My mother’s eyes narrowed even as she gave me a faint smile. ‘A lifetime of mastering medicinal spells and now I must answer to you?’ She reached out a hand and tousled my hair. ‘It’s to heal those horrible cuts and bruises, all of which will, I promise you, be a topic of further discussion once the present crisis is over.’
The fact that I was going to be in trouble later was oddly reassuring. Having to face a flogging and house arrest – hells, even having to become a Sha’Tep – didn’t seem so bad any more.
‘You’ll need to be strong, Kellen,’ my father said, rising to stand by my mother. ‘You’ll need to be brave.’
I looked up at my parents. They looked like the painted portraits of the heroic mages of our past, when our people were feared and admired throughout the civilised world. You need to be strong. You need to be brave.
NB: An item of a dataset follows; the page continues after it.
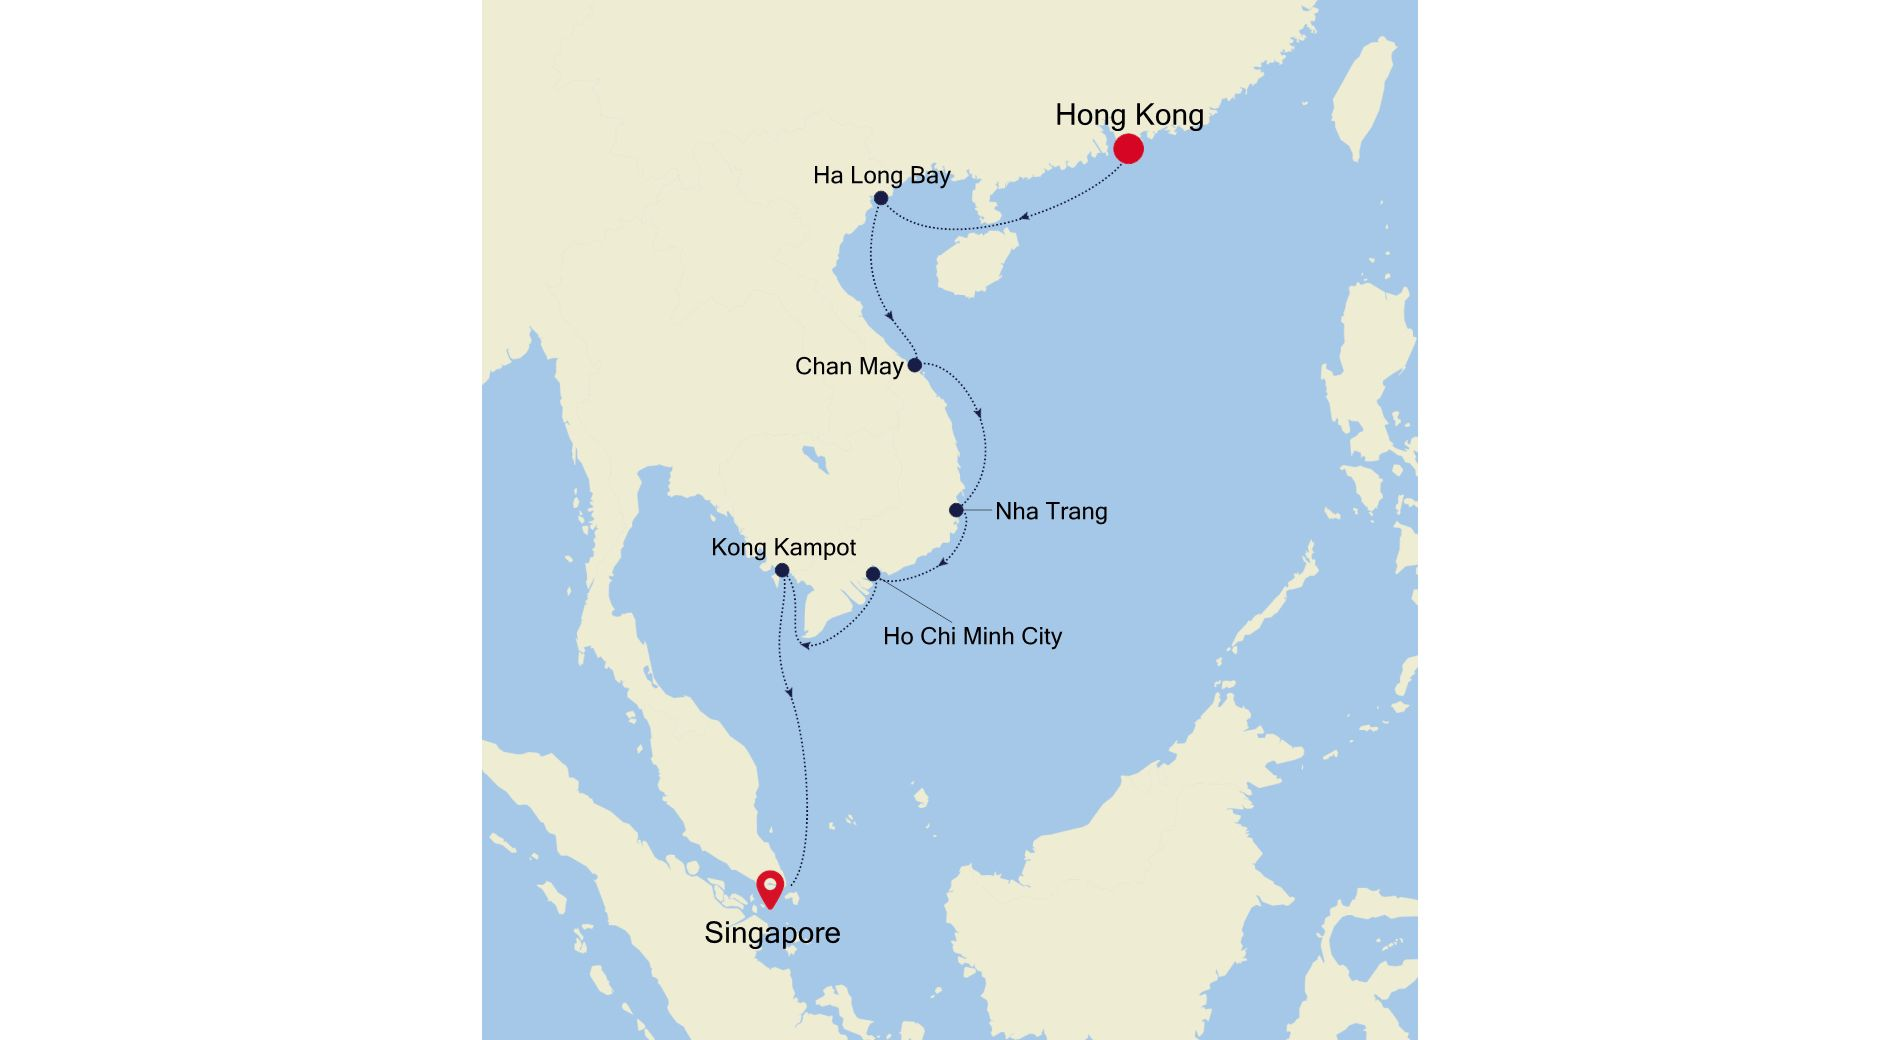 MO211221015 - Hong Kong à Singapore

I took the vial and drank it down. ‘I can do that,’ I said.
Both the words and the potion made me feel a little better. I was still young, and the shadowblack marks had only just appeared. My mother was brilliant, my father one of the most powerful mages in our clan. I could tell just by looking at them that they had a plan to fix this. Things were going to be okay.
The first tear slid lazily down my mother’s cheek, and with a sleepy impulse I reached out as though I could wipe it away. My father’s eyes were dark, stricken but hard. I watched the world grow hazy and felt my head become far too heavy to hold up. That was when I knew that things weren’t going to be okay.
My mother had drugged me.
26
The Bands
I woke up screaming.
My body was slick with sweat, every part of me on fire. I had dreamed that I’d been strapped down on a table as vile Mahdek mages with black lacquer masks drove red-hot needles into my skin, burning the shadowblack into my face, down my shoulders and arms. I had awoken at the moment when they’d begun piercing the skin around my forearms.